It is not even Christmas, but I’m over it. I have one lit reindeer in the bay window, plus a few pine cones. I have two Zoom chats with family coming up this week, which I am looking forward to. It means a wee bit of Malbec, or more than a wee bit, and seeing the faces of family when they open the presents we sent to them. Their smiles mean everything to me. On money, I did not spend much. I did support artisans from Etsy rather than corporate sales giants like Amazon. A candle and a book for a reader, a knife for a fisherman, a book of Robert Frost poems for the baby, a hiking stick for someone who doesn’t have one, a home-made pipe for someone else. Wine and draft beer and coffee for others. Home-made candles, soaps, and snacks for those in Canada.
Everything this year is once again far-away. I am not going to complain, even though I dream of reuniting. We will next year for a wedding. I don’t want to complain because everything is hard for everyone right now. I am not special in that regard. Covid-19 is at an all-time high in Nova Scotia. Omicron is nearly 75% of the cases right now. We stay in again, going out only to pick up groceries contact-less. Snow has come and gone and will come again later this week. Every morning I wake up and build a fire in a cold house where we haven’t even turned on the heat, trying to save energy. I read of people who are going insane and cannot cope with the same things everyone is going through. I guess I psyched myself up to maintain and to breathe and to handle it during a pandemic whose future is uncertain. Why feel entitled to have all the things now? It’s just not possible. Might as well deal.
I’m over Christmas not because I’m sad we’re on our own again this year but because I have seen decorations up since before Halloween, and all of the plastics are overkill. Whatever the holiday has become, a commercial appendix, is not how I see it anyway. I like the winter instead. I like the act of talking with family, a few faerie lights around the living room, a warm fire, and gift-giving. I dig the snow, the winds, the crazy weather blowing around us. The mood. By January 1, I am already dreaming of the garden that year and what will go in it and what I will do differently than I did last year. Meanwhile, we bunker down for months of winter.
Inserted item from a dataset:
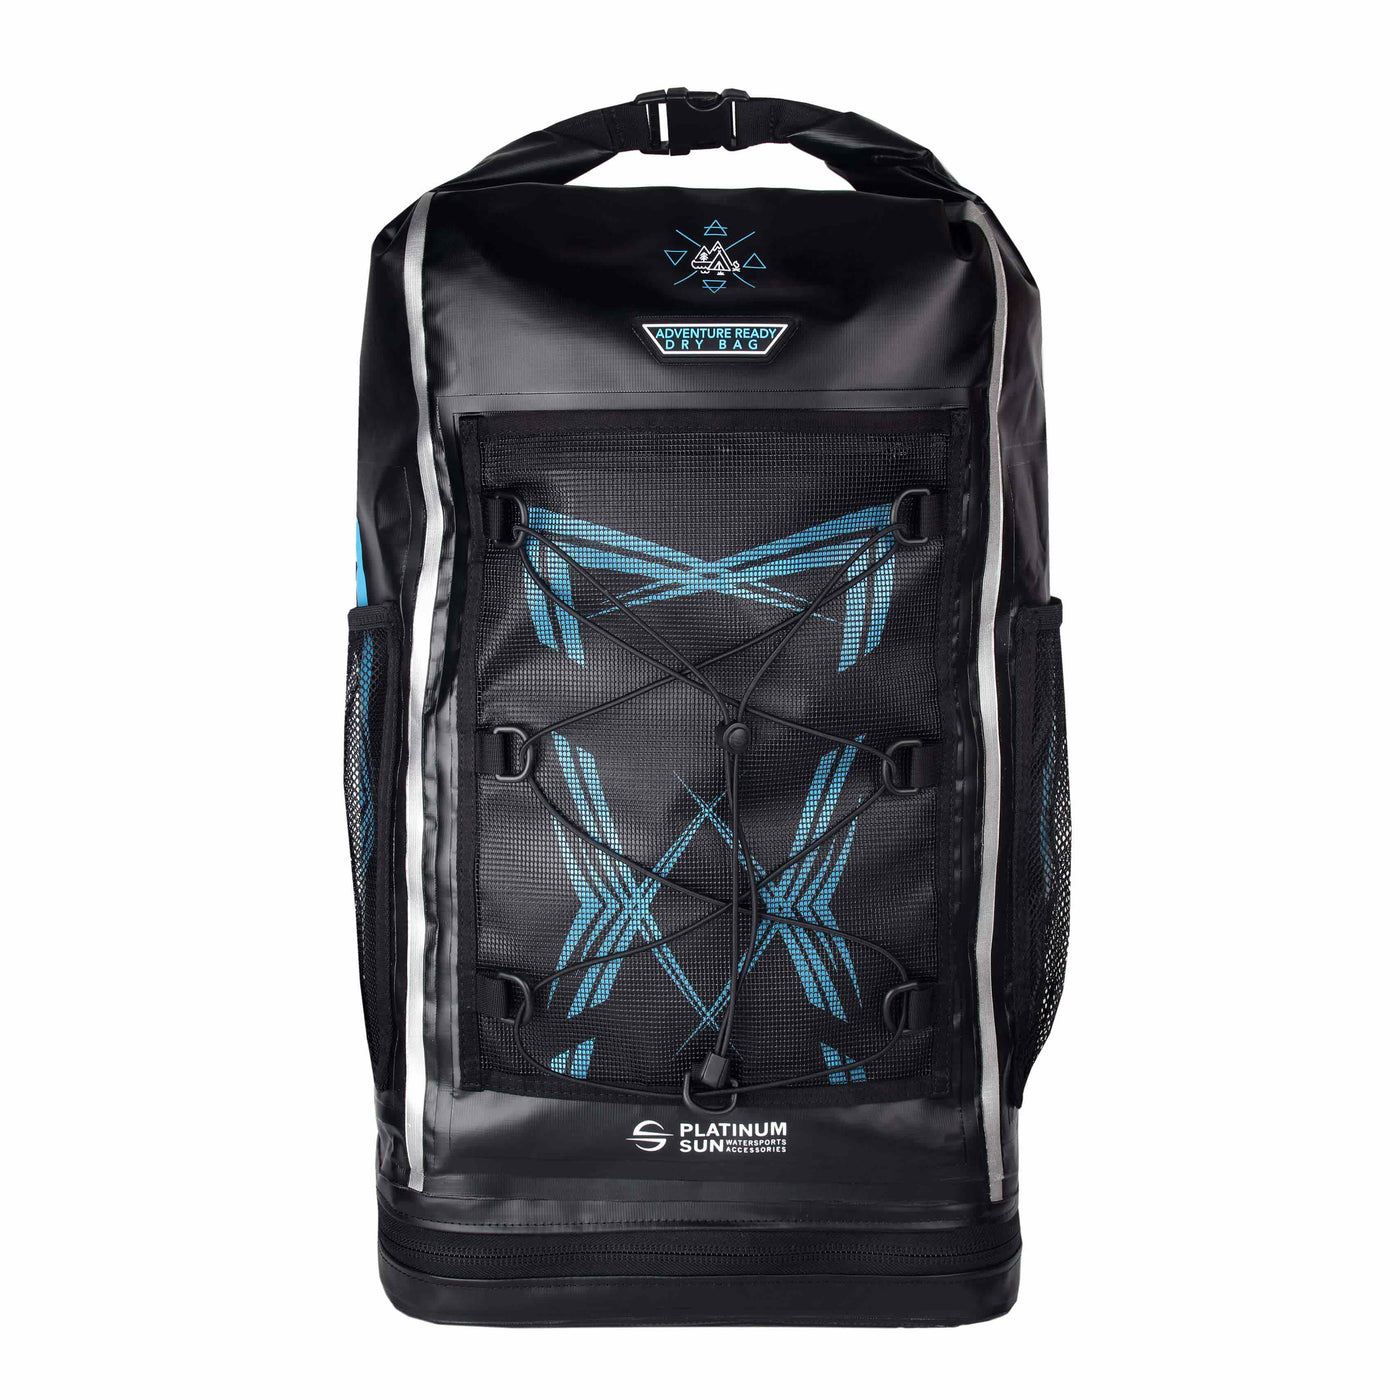 waterproof dry bag backpack 30L

Every day I work remotely as a technical writer, and I like wearing my gray sweatpants to work. I wear a nice sweater or blouse though. I like starting a fire in the morning and merely sauntering over to my pine desk to sit down and do things for seven hours. I do a lot of work with translations and code, but it still puts me in the mind of winter when I look at lines and lines of northern languages, like Norwegian, Swedish, Finnish, Danish, Icelandic. Just the countries themselves summon moods that are probably purely imaginative, thanks to glaciers melting and temperatures rising, but words have connotations and summon dreams. At night, after finishing work, doing errands like cooking dinner, doing laundry, whatever is needed, I go to bed fairly early for an hour or two of reading.
I’m reading Karl Ove Knausgaard’s The Morning Star right now, which takes place in southern Norway. There’s some weird ecological stuff starting to happen and a new star in the sky, and the book takes place in summer, but the idea of Norwegian fells, rivers, and fjords still feel very wintry to me. Even though the book takes place during a hotter than normal summer, I still dream of that same landscape in the winter. I must be attracted to books that have many characters, and each one is fully fleshed out in detail. The first novel I remember reading like that was James Michener’s The Drifters, and I fell in love with olive trees in Spain. Later, I read Pitchaya Sudbanthad’s Bangkok Wakes to Rain and was swept away by that city and the glorious histories, current, and future timelines of Thai drifters. Now my brain ends up in Norway every night as I follow people through their daily lives, their ordinary lives, with all the ups and downs. It’s like looking into a house window at night, when you drive down the road, and you happen to see a glance of a person in the window, and you wonder what their story is, but they are gone in less than a split-second; what if you could watch them and learn their history? That would be weird and creepy, but novels allow you to take a deep gaze into windows. Funny I am coming up with this analogy tonight because last night, when I was reading, I realized that the characters seemed to be always looking out their windows.
Anyway, it’s that time of year, just past winter solstice. Not even 5:00 pm, and it’s totally dark. We’re having a rainstorm tonight.